I want to connect my Sony DAV HDX-274 to my brand new PC that I built.

The motherboard for the PC is a Asus M4A87TD Evo

Do I need a optical cable or what? How do I go about setting this up?


----------



## manasmohanta (Aug 11, 2013)

*Re: Ways to connect Sony system to PC*

You can connect with Ethernet cable also.
Also I would like to suggest there are Ethernet, HDMI, USB as well as Optical cable can be used.


----------



## Counterpunch (Mar 28, 2012)

That doesn't even makes sense IT'S A SOUND System. Ethernet cable and USB has no sound properties...


----------



## ebackhus (Apr 21, 2005)

*Re: Ways to connect Sony system to PC*

HDMI ought to be an option with newer hardware. If your video card lacks a dedicated HDMI port it likely still supports by way of a DVI->HDMI adapter. Single cable is the way to go. My TV also has a VGA port but that requires an additional cable or cables for audio.


----------



## Counterpunch (Mar 28, 2012)

My GPU is a radeon hd 6850


Yes it has HDMI

However I was under the impression that video card was for video not sound... I know HDMI does both but.... 

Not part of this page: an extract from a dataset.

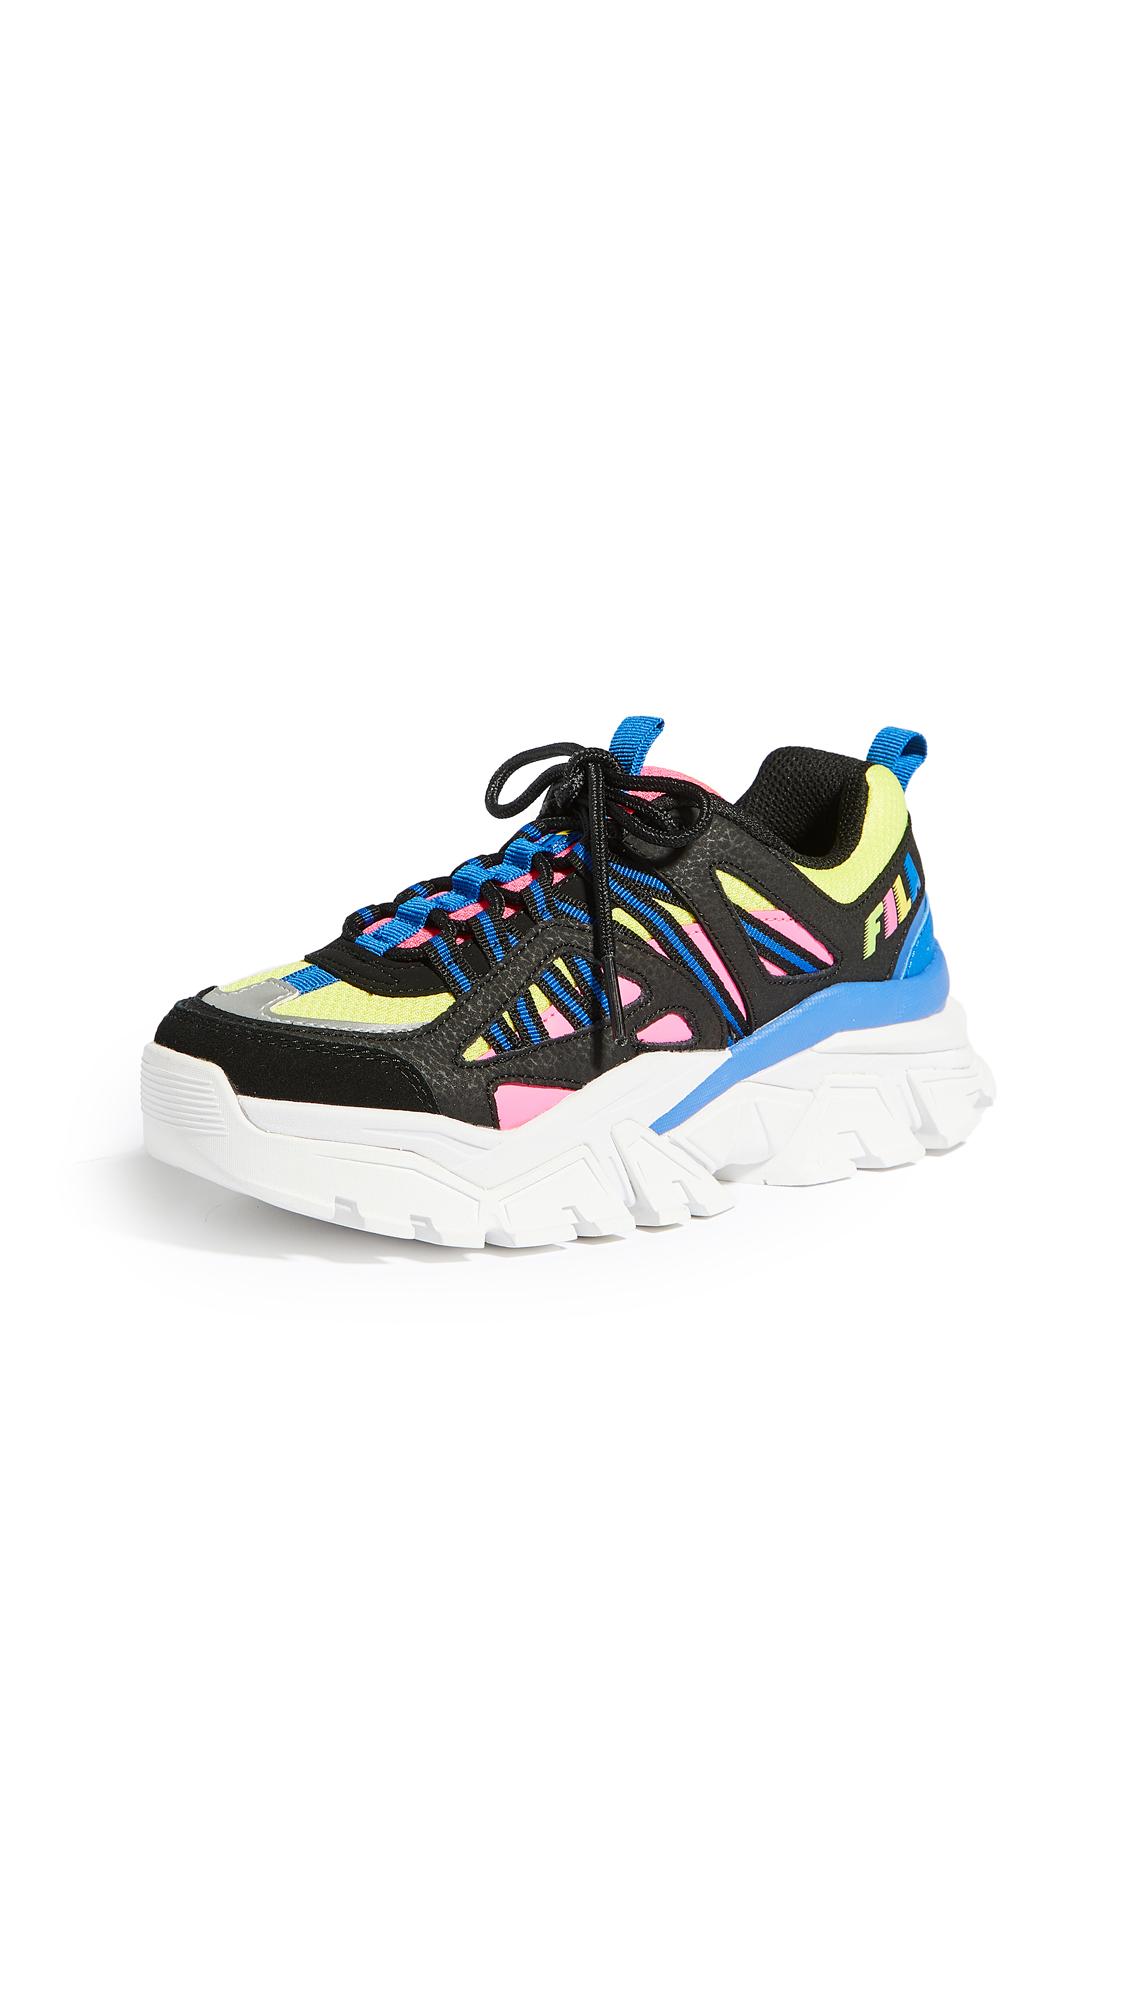 Fila Vitalize Sneakers from Shopbop

The point of this thread was to find out the best connection to use my Sony DAV-HDX-274 Surround sound system as my PC's speakers.

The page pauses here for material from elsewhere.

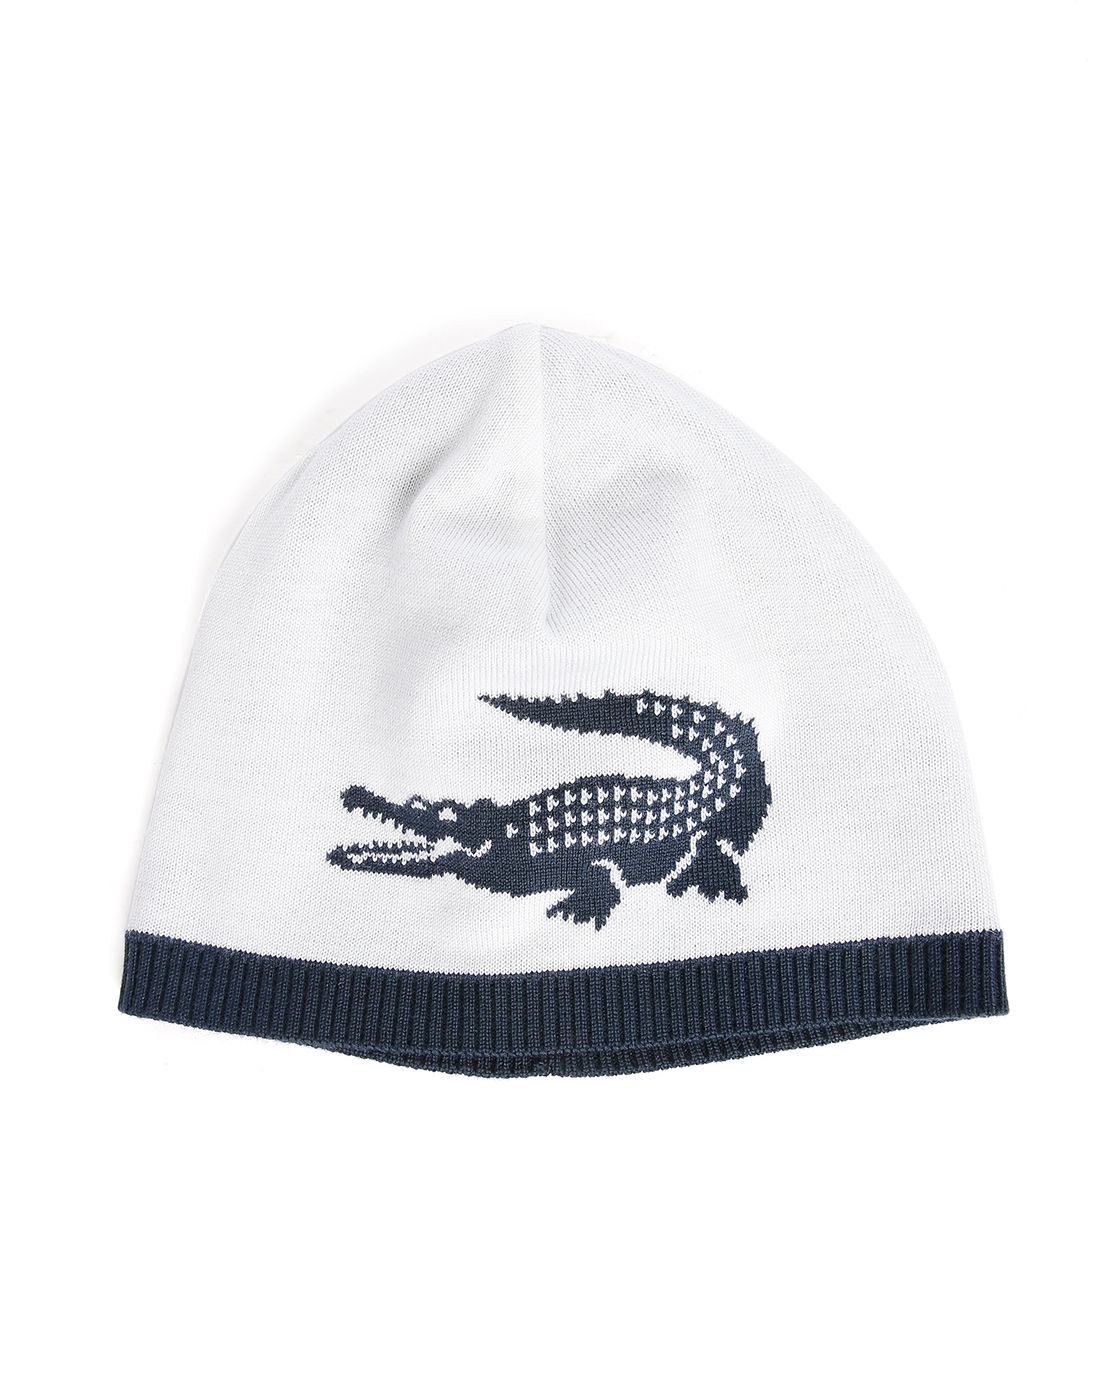 lacoste navy beige reversible hat with crocodile logo in

My motherboard does have optical and so does the so y receiver. Is that the best route?

or as you suggested use HDMI for sound only with no video. 

Thanks for helping


----------



## JimE (Apr 16, 2009)

*Re: Ways to connect Sony system to PC*

Optical and HDMI will both be digital. It boils down to what works best for you. As you are only interested in audio, use the optical port.


----------



## Counterpunch (Mar 28, 2012)

Alright then thanks resolved


----------